- Associated Press - Tuesday, June 2, 2015

DOVER, Del. (AP) - The state House voted along party lines Tuesday to approve a bill decriminalizing possession of small amounts of marijuana.

The legislation, which cleared the House on a 24-14 vote, with no Republican support, now goes to the Senate. Democratic Gov. Jack Markell has indicated that he supports the measure.

The bill makes possession by adults of “personal use” quantity of marijuana, defined as an ounce or less, a civil offense punishable by a fine of $100, rather than a crime.

But smoking marijuana in a moving vehicle, or in an area accessible to the public, would be a misdemeanor punishable by a fine of up to $200 and imprisonment of up to five days.

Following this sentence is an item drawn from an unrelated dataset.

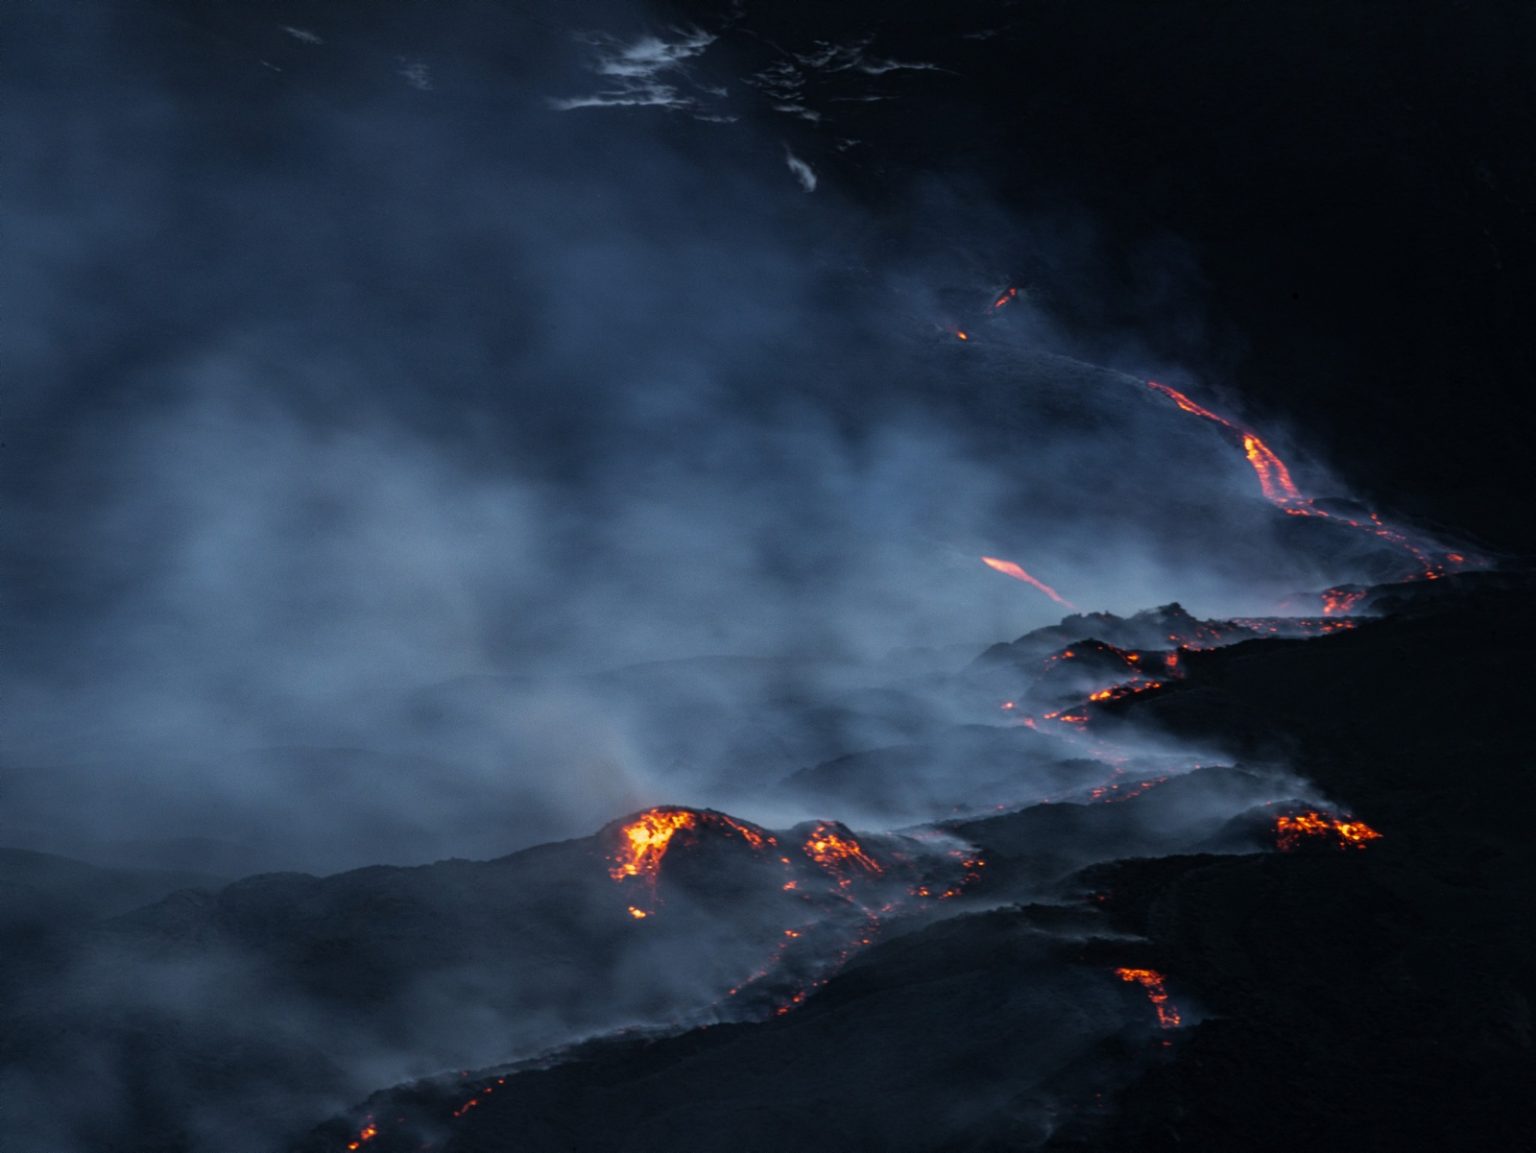 Mount Etna, Sicily, June 2022 - Valle del Bove: eruption of the volcano ><
Etna, Sicilia, giugno 2022 - Valle del Bove, eruzione del vulcano.

The legislation defines areas accessible to the public to include outdoor locations on private property that are within 10 feet of a street or sidewalk, and outdoor areas within 10 feet of the doors or windows of any public or private building.

The bill also keeps simple possession or use of an ounce or less a criminal offense for anyone under 18. For those between the ages of 18 and 21, a first offense would result in a civil penalty, while any subsequent offense would be a misdemeanor.

Supporters of the bill say it is an attempt to prevent otherwise law-abiding pot smokers from ending up with criminal records that could jeopardize their futures.

“The goal of the bill is not, and I repeat, not, legalization…. All we are doing is decriminalizing the possession of small amounts,” said chief sponsor Rep. Helene Keeley, a Wilmington Democrat.

Keeley said she did her best to address the concerns of law enforcement groups by inserting several new provisions into the legislation.

Opponents nevertheless remain concerned that the legislation sends the wrong message to children, and that it will lead to greater acceptance and use of illegal drugs while hampering the abilities of police to conduct searches and seizures.

“Some penalties in the law are meant to be punitive, … but when you’re talking about young people with marijuana, were trying to help them,” said Rep. Rich Collins, R-Millsboro.

“Are we doing young people a favor by taking away this disincentive for behavior that is destructive to themselves and to their families?” Collins added.

Other lawmakers noted that a person between 18 and 21 who is caught with a small amount of marijuana could be let off the first time with a civil penalty, while that same person, if caught drinking a beer, could be charged with a crime.

“It clearly sounds like the bar is much different for the alcohol,” said Rep. Mike Ramone, a Newark Republican, who declined to cast a vote.